Nineteen-year-old Libby has always been inexplicably drawn to the old Victorian house on Mulberry Lane. So much so that when she sees a For Sale sign go up in the front yard, Libby uses all the money her grandmother left her to pay for college to buy the house instead, determined to fix it up herself—even though she knows her parents will be furious. Soon after moving in, she discovers a journal written by a young woman, Elizabeth Post, who lived in the house nearly a century earlier. It doesn’t take long for the journal to reveal that Elizabeth was madly in love with her personal maid, Patricia. A love that was forbidden and dangerous, especially at that time.

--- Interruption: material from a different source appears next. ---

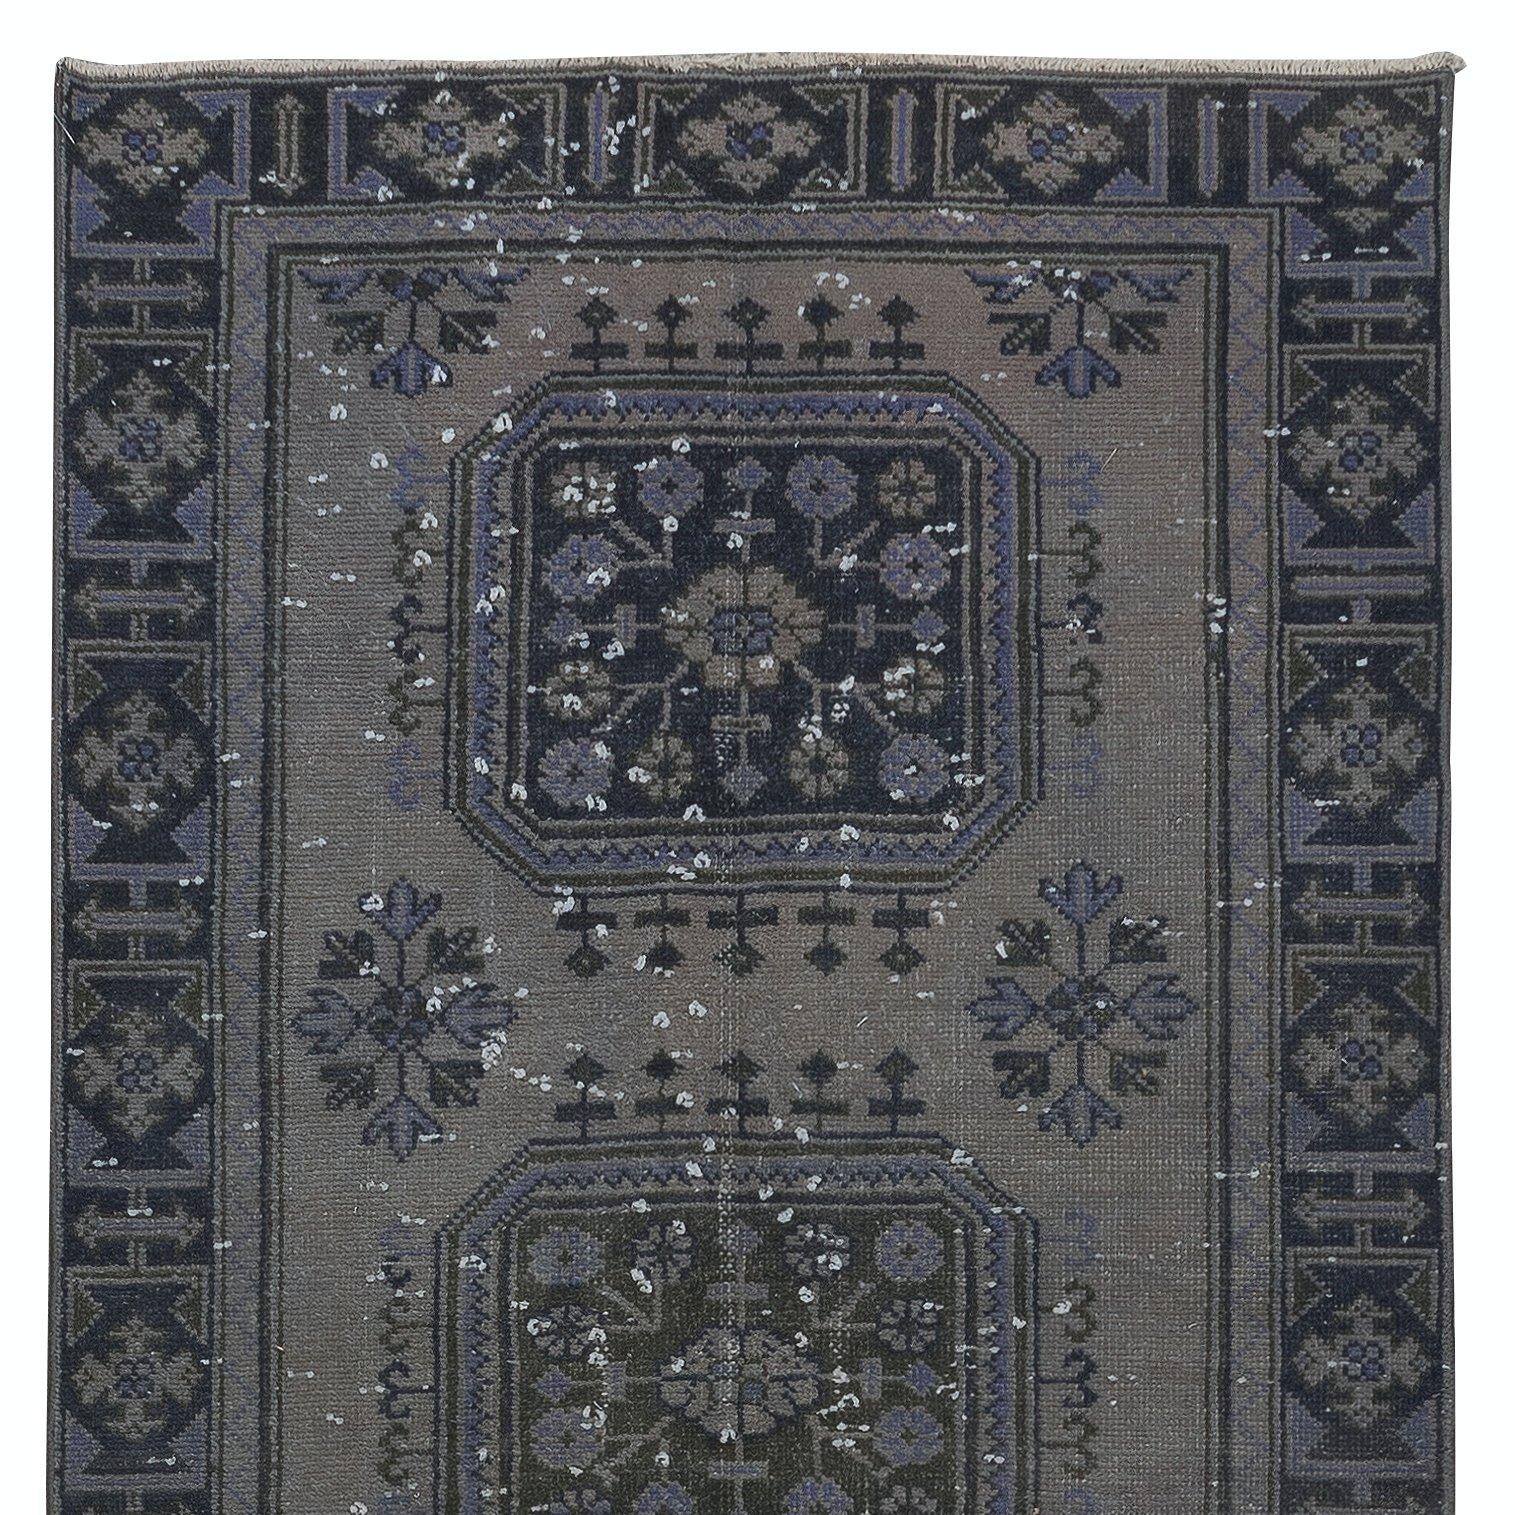 Modern 4.2x11.6 Ft Turkish Runner Rug, Handmade Corridor Carpet in Gray, Black & Purple For Sale

Enter Tish, a brash, broke fellow college student, who passes by the house one day and is mysteriously compelled to knock on the door. Soon Libby offers Tish a room in exchange for her help in fixing up the old house, and the two young women quickly find themselves falling for each other. But as Elizabeth’s journal entries delve deeper into her secret love affair with Patricia, uncanny similarities between that young couple and Libby and Tish are revealed, and it becomes clear that this may not be their first time in this house, or in this love. Is this their chance to get it right?
My Review
Sometimes when I read a book, the premise strikes me as something so clever or unusual that I wonder if that’s what brought the book to publication. This is one of those books.

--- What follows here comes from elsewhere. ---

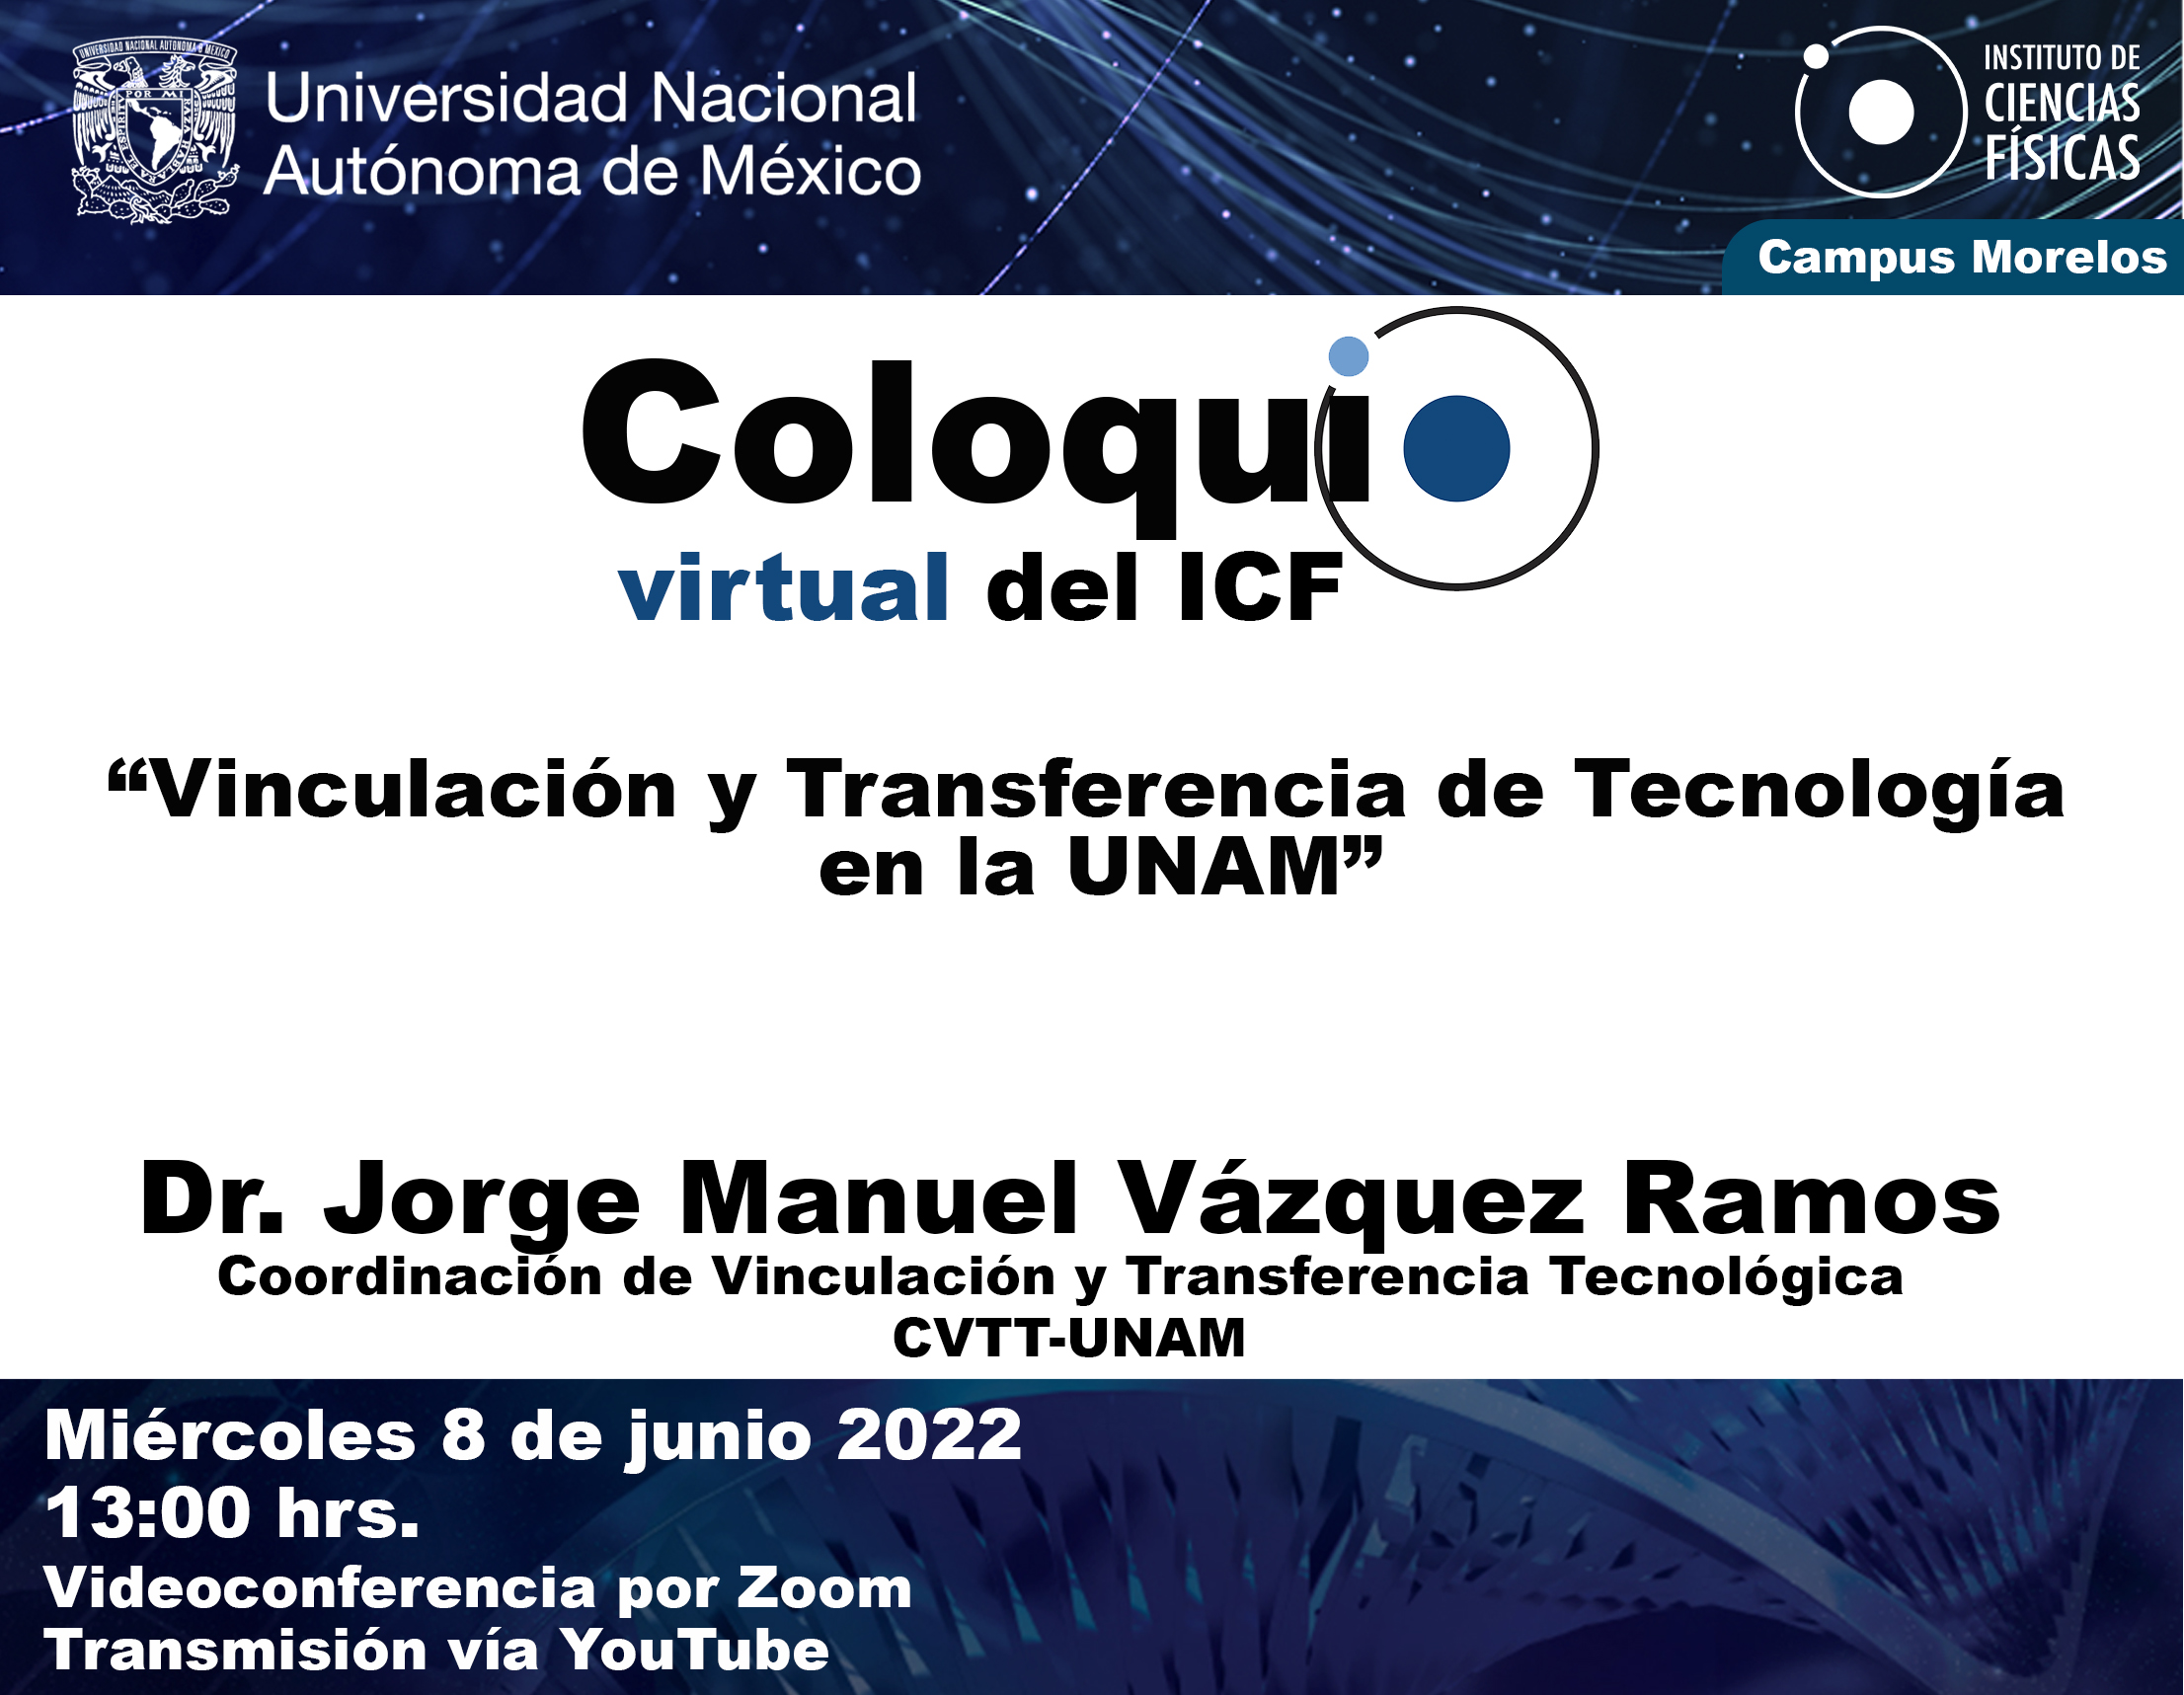 “Vinculación y Transferencia de Tecnología en la UNAM”

The narrative has a lot of moving parts. We have chapters set in 1925, from the perspective of a young woman whose family lived in the Victorian house. We also follow two points of view from the present day. First, there’s Libby, a girl who just bought the house, and Tish, a girl she meets in her college classes and who offers to help her fix up the house.

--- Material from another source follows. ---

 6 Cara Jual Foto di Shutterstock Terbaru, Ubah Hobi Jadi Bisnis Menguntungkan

As we get to know each narrator, we notice some striking similarities between Elizabeth from 1925 and Libby from 2025. As the story unfolds, it becomes clear that those similarities are more than simple coincidences.
One of the story’s strengths is in its minor characters. I enjoyed the banter between Tish and Joe, the junkyard owner who helps her fix up her scooter, and Tish and her best friend Bari. Libby’s relationship with her mom was also fascinating.
I think readers interested in LGBTQIA+ stories in a historical setting will like getting to see the 1925 timeline in this novel. If your taste for romance leans a little more in the Hallmark movie vein, I can see this being a great pick. It feels a little more like a book to curl up with under a warm blanket, so maybe save it for a stormy summer afternoon.
Content Notes
Recommended for Ages 14 up.
Profanity/Crude Language Content
Strong profanity used periodically throughout the book.
Romance/Sexual Content
Kissing. Two characters wake up in bed together.
Spiritual Content
Some references to reincarnation.
Violent Content
Brief prejudiced statements against an Irish woman. A man becomes violent in a confrontation. Someone sustains injuries in an accident.
Drug Content
References to teens drinking wine together.